Autologous hematopoietic stem cell transplantation for children and young adults


Autologous hematopoietic stem cell transplant (auto HSCT) uses patient-derived stem cells to facilitate recovery from myeloablative high-dose chemotherapy for cancer. The concept is that higher doses of certain agents, particularly alkylators, will be 3 to 15 times more potent than conventional doses and will be useful as consolidation therapy after initial cytoreduction, provided nonhematologic toxicity remains acceptable. Use of intensive chemotherapy may also permit deferral or avoidance of radiotherapy in young children.

What are hematopoietic stem cells?

Stem cells are self-renewing blood cell progenitors present in the bone marrow that also circulate at low levels in the peripheral blood. Egress of stem cells from marrow to peripheral blood can be enhanced by administration of hematopoietic growth factors (“mobilization”) to facilitate collection (“harvesting”) for infusion after myeloablative chemotherapy.

What pediatric cancers are treated by auto HSCT?

Current pediatric indications for auto HSCT are newly diagnosed high-risk neuroblastoma and infant medulloblastoma, recurrent germ cell tumors, and recurrent lymphoma (Hodgkin lymphoma and non-Hodgkin lymphoma). Neuroblastoma is most frequent, accounting for 43% of the 3076 pediatric autotransplants reported to the Center for International Blood and Marrow Transplant Research (CIBMTR) between 2008 and 2014 (Khandelwal, 2017). Other pediatric applications of auto HSCT have included relapsed Ewing sarcoma (ES), retinoblastoma, and brain tumors other than medulloblastoma.

What are some newer applications of auto HSCT?

Auto HSCT has been used to support recovery from myeloablative or lymphoablative chemotherapy in refractory autoimmune disorders such as juvenile idiopathic arthritis and in pediatric multiple sclerosis after failure of standard therapy.

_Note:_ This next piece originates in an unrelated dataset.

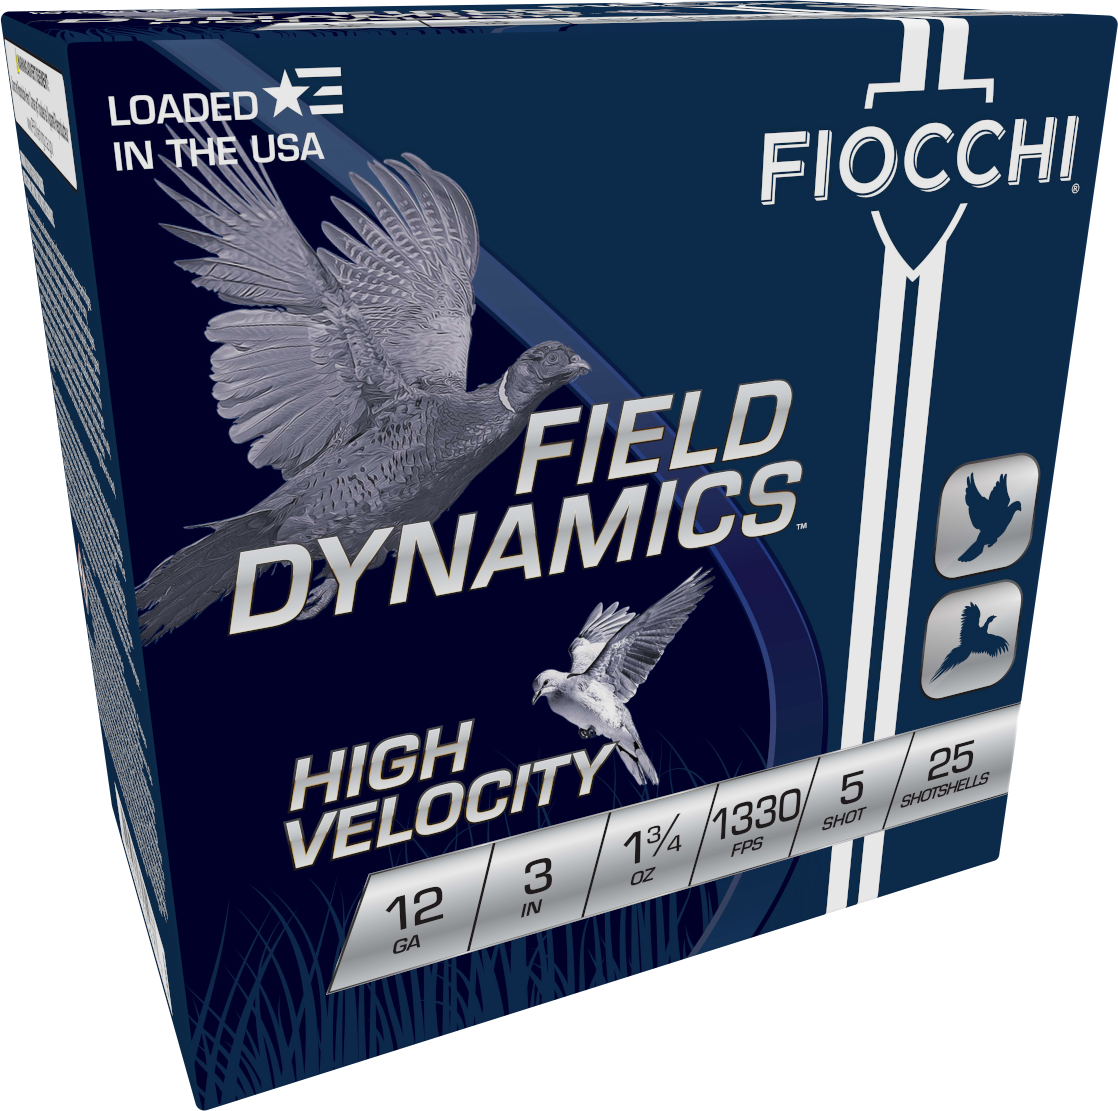 Fiocchi High Velocity 12ga. 3" 1 3/4 oz. #5 (1330 fps) PER BOX

Another type of auto HSCT involves the genetic modification of patient stem cells for correction or amelioration of certain inherited disorders, referred to as “ex vivo gene therapy.” Examples include adenosine deaminase deficiency, X-linked cerebral adrenoleukodystrophy, metachromatic leukodystrophy, and hemoglobinopathies (thalassemia and sickle cell anemia). A growing number of pediatric diseases can be successfully cured by hematopoietic stem cell-based gene therapy (Staal, 2019).

A related procedure is a collection of autologous mononuclear cells by leukapheresis for production of chimeric antigen receptor (CAR) T-cells, modified to express a transgene encoding a tumor-specific CAR, then infusing the manufactured CAR T-cells to treat the cancer. CAR T-cell therapy is approved for relapsed or refractory childhood acute lymphocytic leukemia and may be used as definitive therapy or as a bridge to allogeneic HSCT. Investigational applications of CAR T-cell therapy in pediatrics include lymphoma, acute myeloid leukemia (AML), solid tumors, and central nervous system (CNS) tumors.